I am used to Special:LintErrors on nl.wiktionary showing estimated numbers. But the line "missing end-tag" for the last weeks has been showing an increasing total, not reflecting that all new errors have been corrected. Has there been a change in the way the total is estimated? At present the page is becoming pretty useless.
Topic on Help talk:Extension:Linter/Flow
There has been no change to how it is done. It is based on estimates provided by mysql.
But how is this estimate computed? I looks like the removal of errors has no or only a very slow effect on the estimate. If it is meant to encourage that errors are removed, this seems counterproductive. And even as a tool is has become useless: I have to look at the subpage to find out whether there are any new errors.
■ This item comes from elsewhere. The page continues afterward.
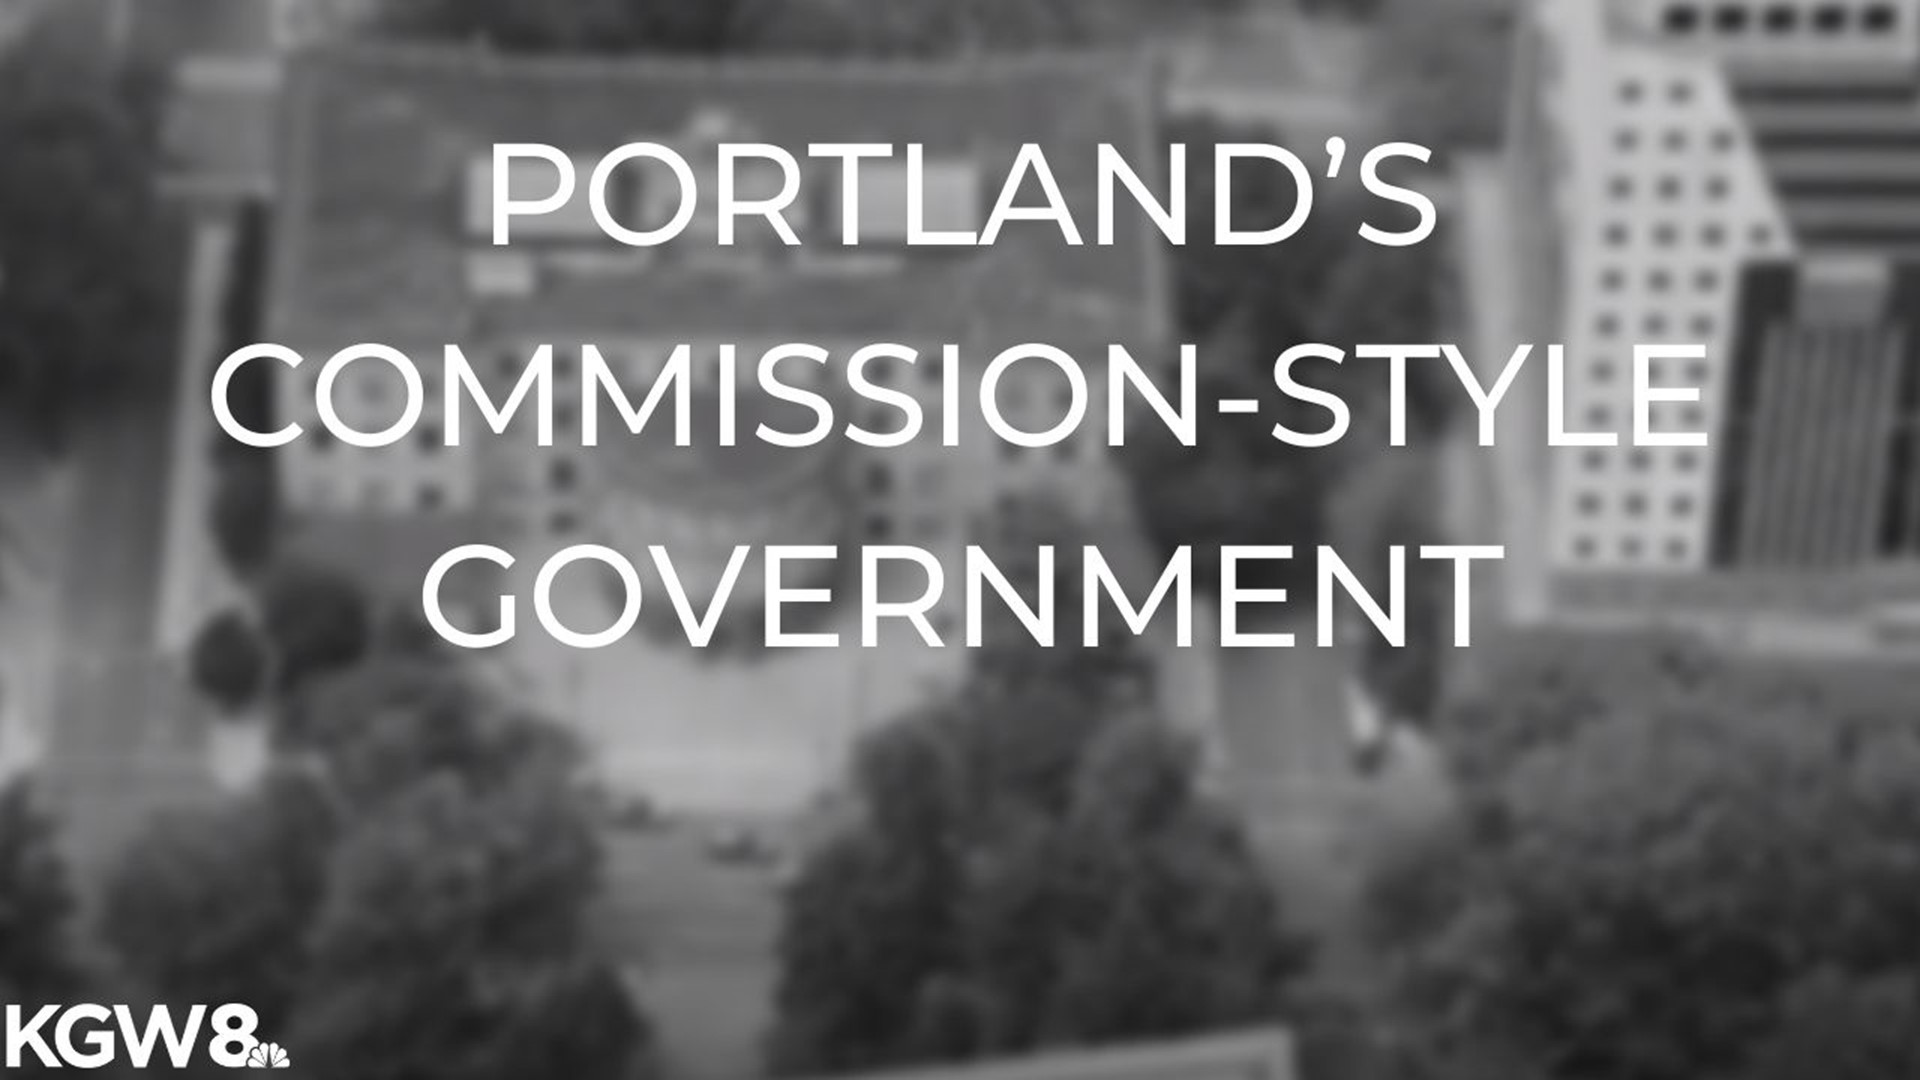 In May of 1913, Portlanders voted and our commission government was formed. Now, 107 years later it still stands alone.

The estimation code is pretty wacky, see https://www.percona.com/blog/2011/10/13/when-explain-estimates-can-go-wrong/ and https://stackoverflow.com/questions/1037471/why-the-rows-returns-by-explain-is-not-equal-to-count, https://phabricator.wikimedia.org/rMW6261b4187a91099f4f2fd900562506cf2b3df984 . The hard part is probably fixing the estimate.
The stackoverflow link suggests that using analyse instead of explain will yield better results (at least with mariadb they seem to output different results).
Anyway, the alternative is pretty simple, whenever the number of rows returned by the estimate are less than 5000, simply run the full sql query, or instead of getting the estimate, just re-run the query clientside using javascript api once the special page loads.
https://nl.wiktionary.org/wiki/Speciaal:LintErrors/missing-end-tag currently estimates 26, and lists 12. I don't know what the numbers were when Marco looked at it yesterday.
If I remember correctly: estimate 23, listed 10 (8 of which are more or less permanent, the other 2 were resolved. Now we have 4 new errors on new pages, bringing the total back to 12. But the actual number remains most of the time close to 8. There has been a single time a few weeks ago when a single page once contained a larger number of errors, pushing the total over 20 for just one day. Somehow I get the feeling that the estimate keeps using this single instance as a basis.
The new errors were corrected this afternoon (local time 13:30), so the actual number became 8 again. At the moment (local time: 19:45) the total is back to 23.
All this is just the behavior of the database estimation tool.
As the anon user above indicated, the solution for this is for us to update the code to do an actual count when the # of results is estimated to be under some threshold that has acceptable performance from the DBA point of view.
Is there anything I can do to help bring this about?
It requires development to be done on the Linter codebase. We are currently heads down on the high-priority work of porting Parsoid to PHP and we are unable to pick up linting improvements till we are past that milestone.
But, if you are a developer or know someone who wants to work on linter improvements before then, I could probably squeeze in time to help with code review and guiding the work.